A life/health carrier using a rules- and tools-based policy admin system reports reduced development costs, improved profitability thanks to reduced time to market for new products, and an internal rate of return greater than 40 percent.
Using a rules- and tools-based policy admin system implemented in 2002, a midsize P&C carrier increased its revenue per employee by more than 100 percent.
A small P&C carrier using a rules- and tools-based policy admin system reduced staff and was able to cut IT budget (as a percent of DWP) by more than half.
A small life/health carrier replaced an aging policy administration system with a code-based, vendor-managed modern system. Thanks to significantly lower maintenance fees (less than a quarter of the previous charges), enhancements, and the overall low cost of the system, the new system paid for itself within a year.
A large property/casualty carrier writing specialty business implemented a rules- and tools-based policy system and reduced the time to produce a quote from one week down to 15 minutes.
RISK FACTORS
While these successes may seem to indicate moving to a modern policy administration system is an easy choice, there certainly are risk factors that need to be considered. First, modern systems often have not been vetted in the real world to the extent their legacy cousins have. Accordingly, there is less evidence to indicate how well most modern systems scale beyond a few million policies. This risk can be mitigated by insisting your vendor prove the system's scalability in a lab environment and provide you with detailed results.
A second risk is with many modern systems, not all modules or lines of business are as ready as customers might like them to be. The mitigation tactic for this risk is less reassuring than with the scalability risk. The only way to mitigate this risk is to plan your deployment around first implementing those pieces that are ready to go. However, be prepared simply to decide the system cannot meet your needs yet and the best course of action may be to wait until it does.
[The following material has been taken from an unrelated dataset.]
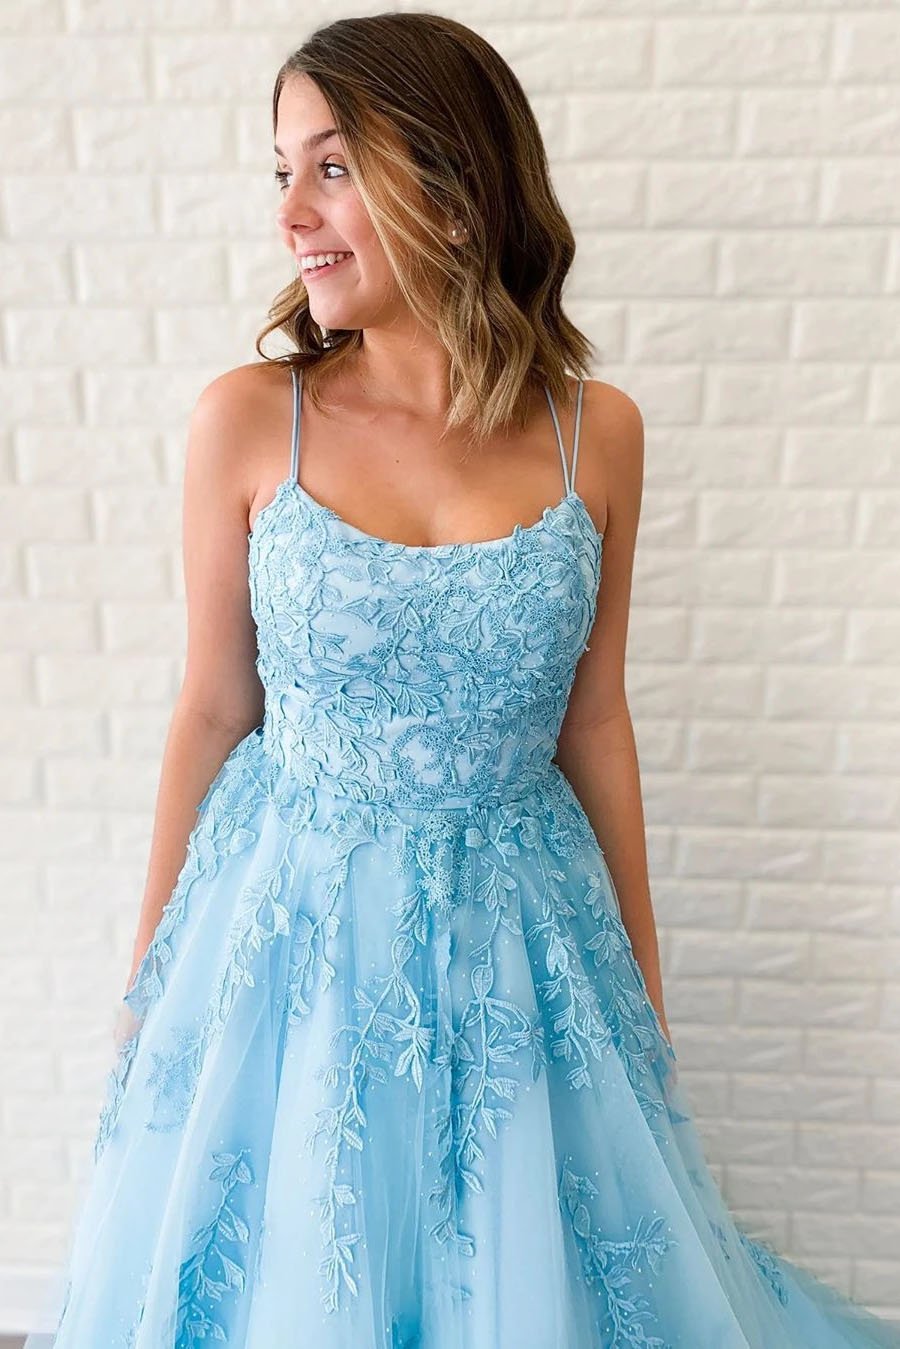 Unique A-Line Sky Blue Tulle Appliques Beads Scoop Prom Dresses with Lace SWK20453

The third risk is implementing a modern policy administration system can–and probably will–result in massive changes throughout large parts of the organization. Imagine working from a green-screen terminal for 15 years, when one day you show up at work to find a browser-based application has replaced it. Two key risk mitigation strategies are required. First, involve users at all levels in the decision-making and implementation to avoid surprises. Second, be sure to implement strong organizational change, training, and communication plans as part of your effort.
Finally, to mitigate the overall risk of a large system implementation, go fast. You did not misread that sentence. Despite the counter-intuitiveness of this advice, projects that last three to five years are aiming at moving targets. Business plans and goals change over a long time horizon. To prevent this, plan to have the project completed in 18 months or less. Alternatively, break the project up into meaningful chunks (e.g., claims, policy, billing), each lasting less than 18 months.
CONCLUSIONS
It is easy to dismiss newer technologies as "unproven." However, modern policy administration systems have been around long enough to generate real results, and those results are quite promising so far. Carriers certainly should examine modern solutions as an option but also take careful note of the risk factors described in this article. The real-world examples provided here should cause any carrier to sit up and take notice of modern systems, though only a careful examination of all available options will answer the question of whether a modern policy administration system is the right choice for a carrier's needs.
Craig Weber is managing director of Celent's insurance practice. Chad Hersh is a senior analyst.